→ Required work: Repeat exactly the line with "2014 Annual Financial" and each line after it to the end of the data below; pictures stay out.

→ Given data:
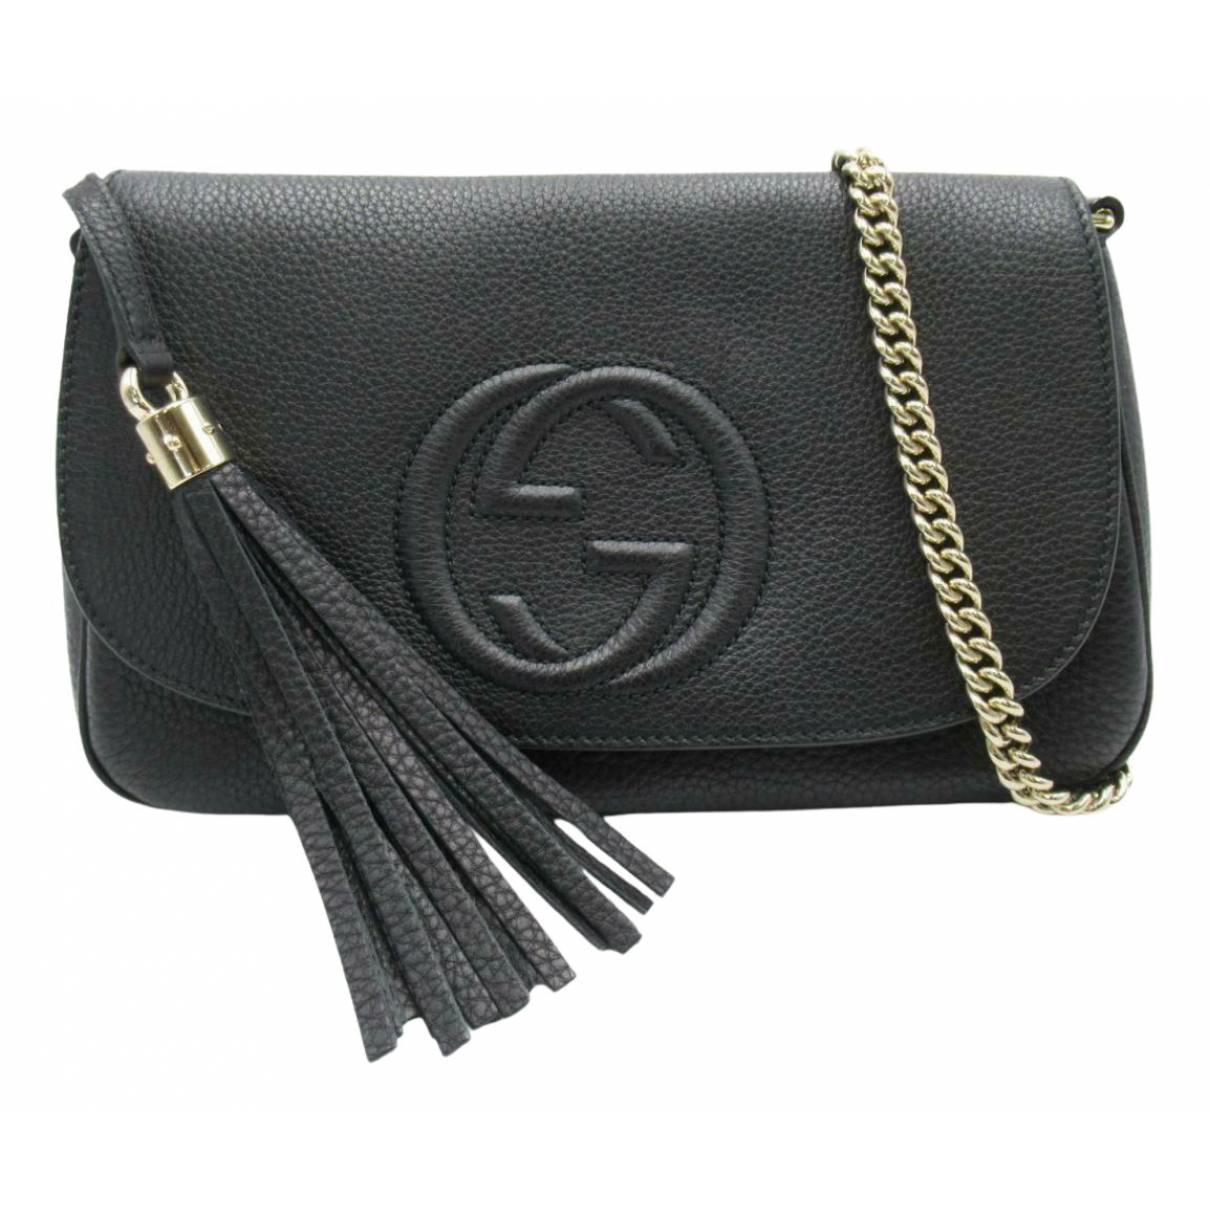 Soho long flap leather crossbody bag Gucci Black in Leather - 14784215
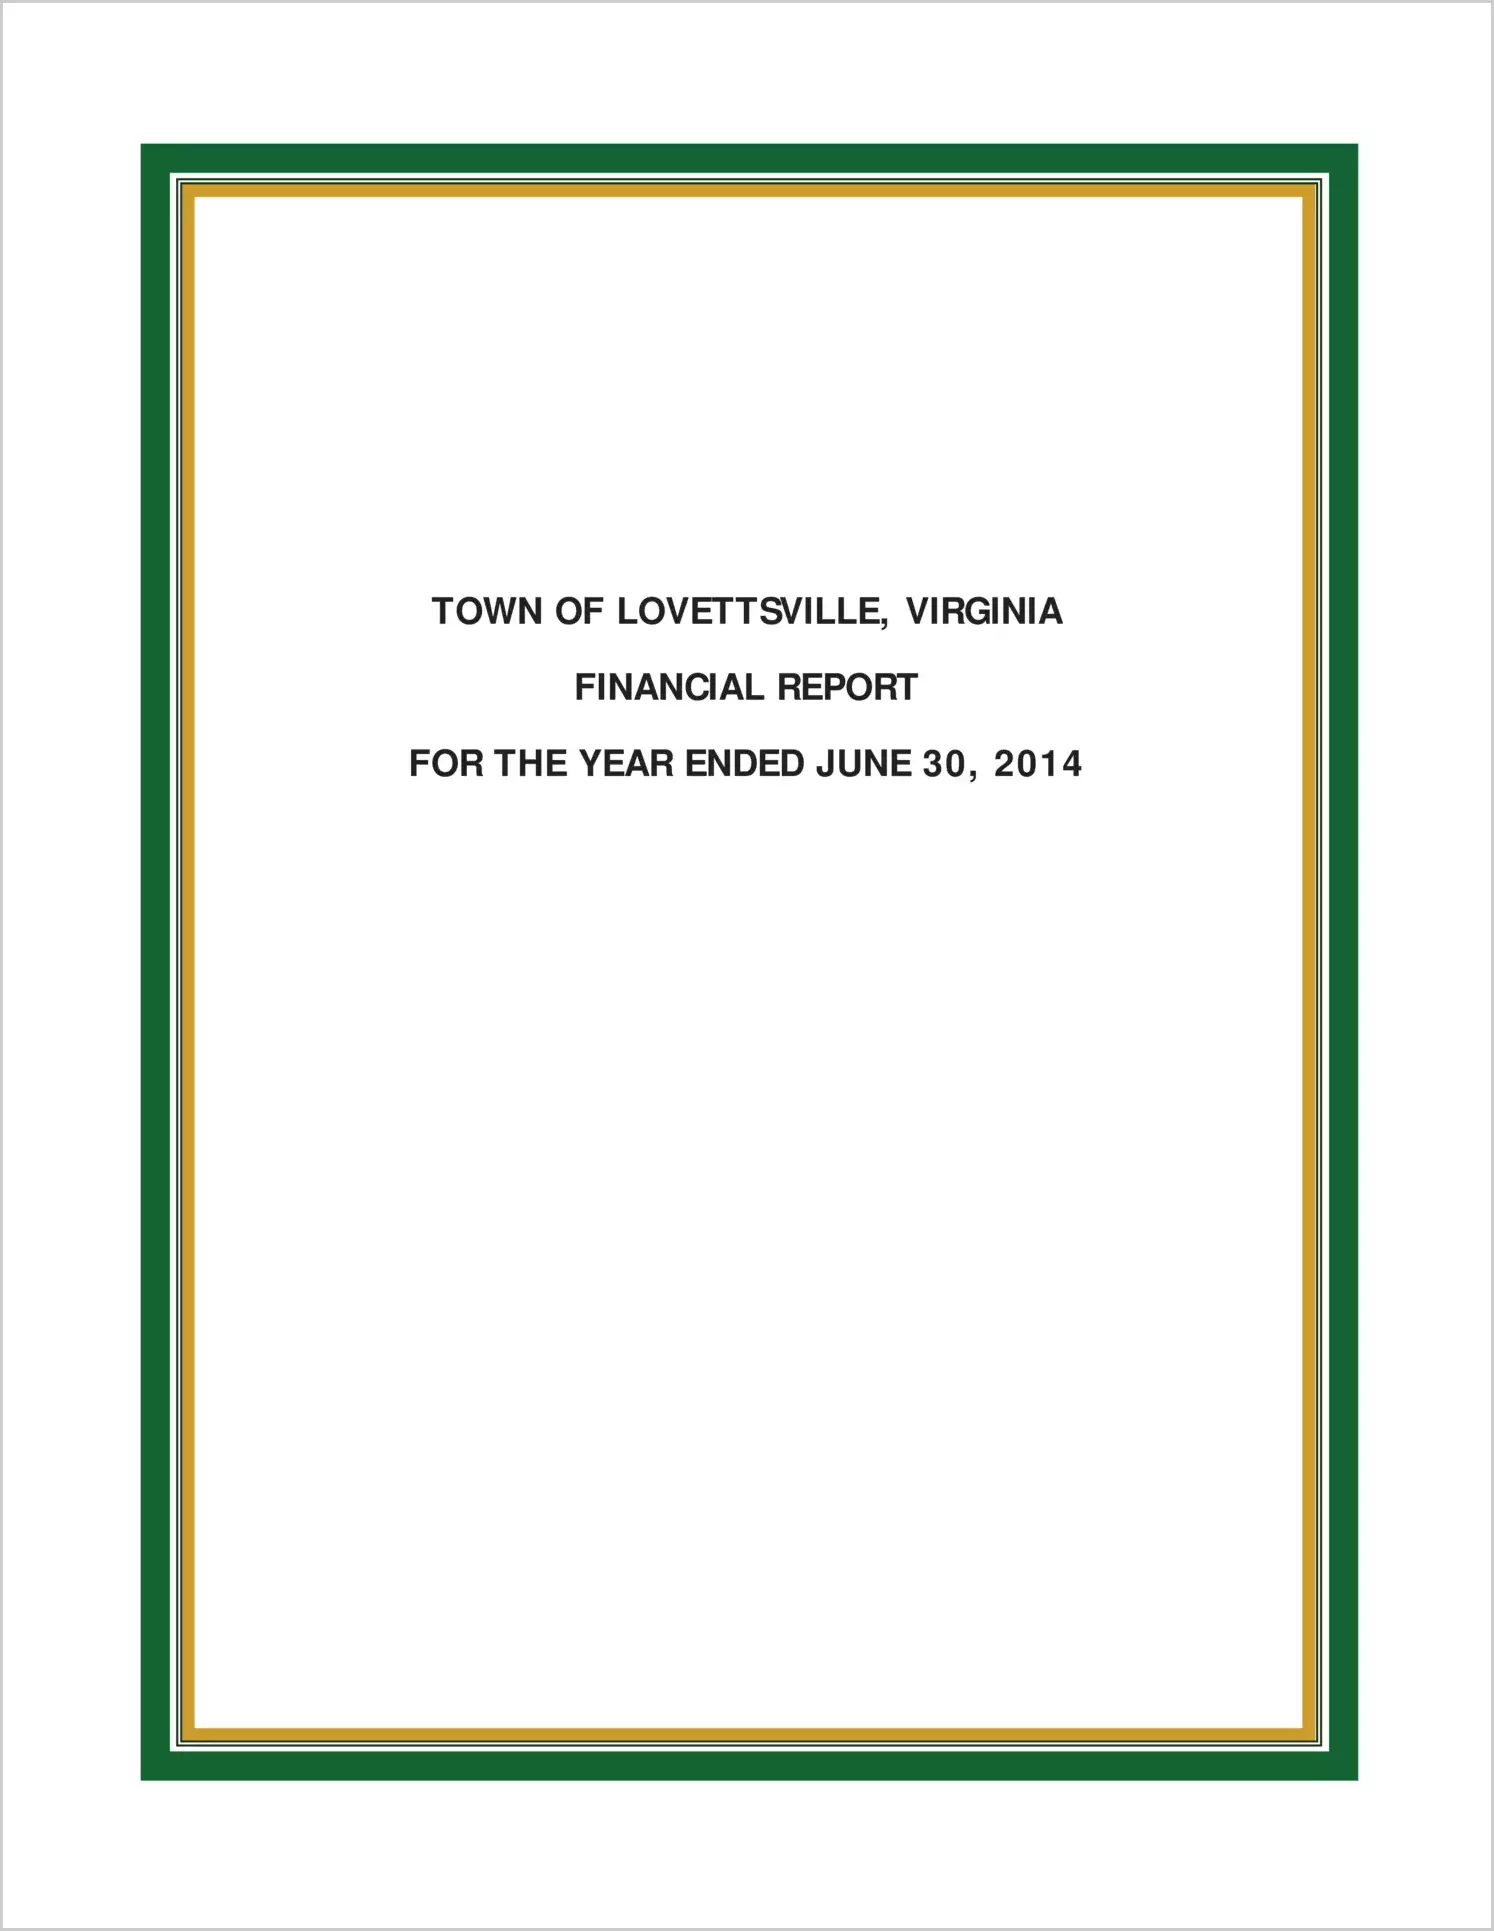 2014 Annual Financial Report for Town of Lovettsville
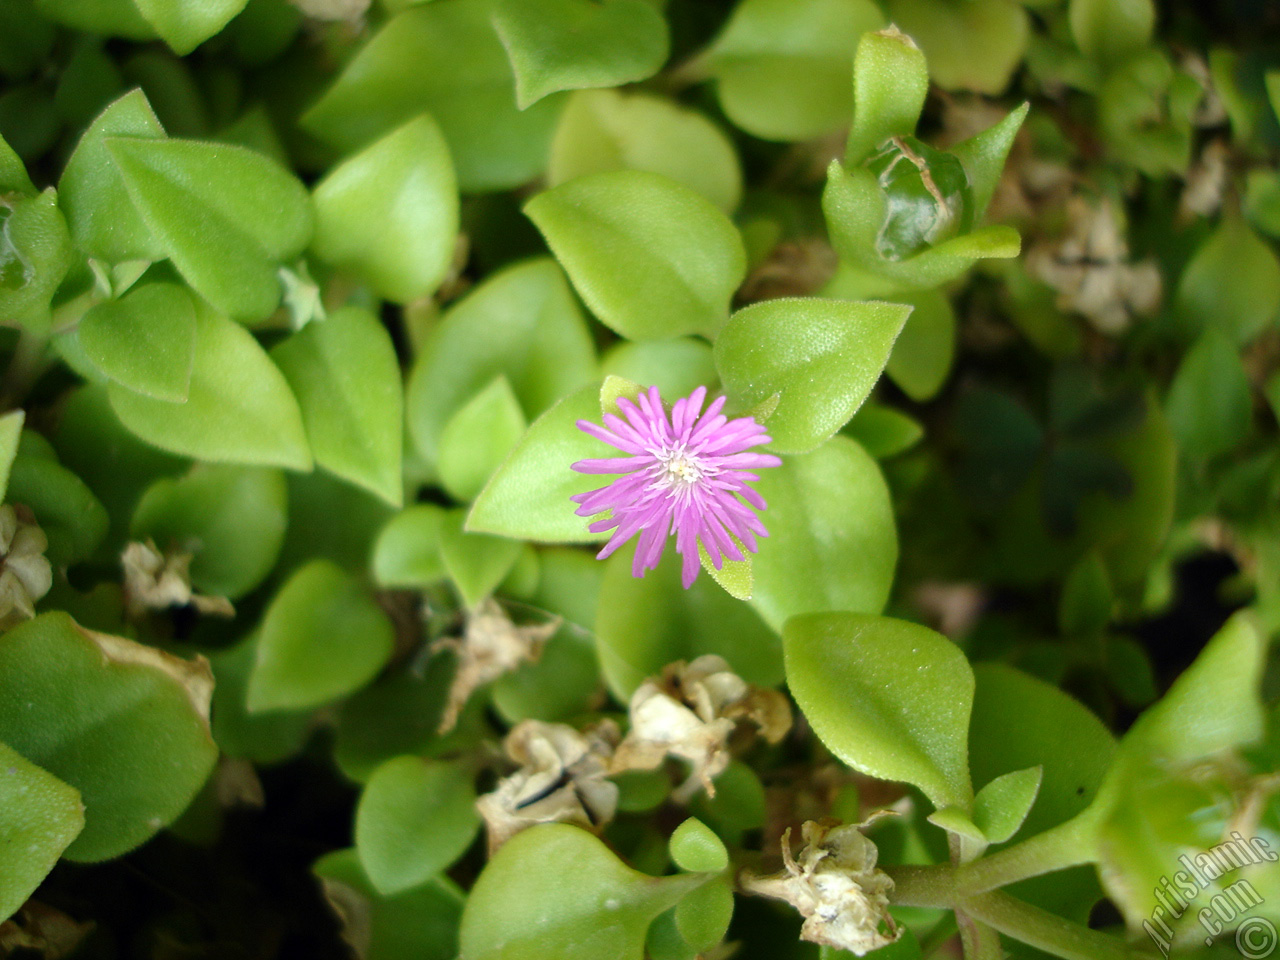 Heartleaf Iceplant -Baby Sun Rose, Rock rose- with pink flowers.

→ Exercise answer:
 2014 Annual Financial Report for Town of Lovettsville
 Heartleaf Iceplant -Baby Sun Rose, Rock rose- with pink flowers.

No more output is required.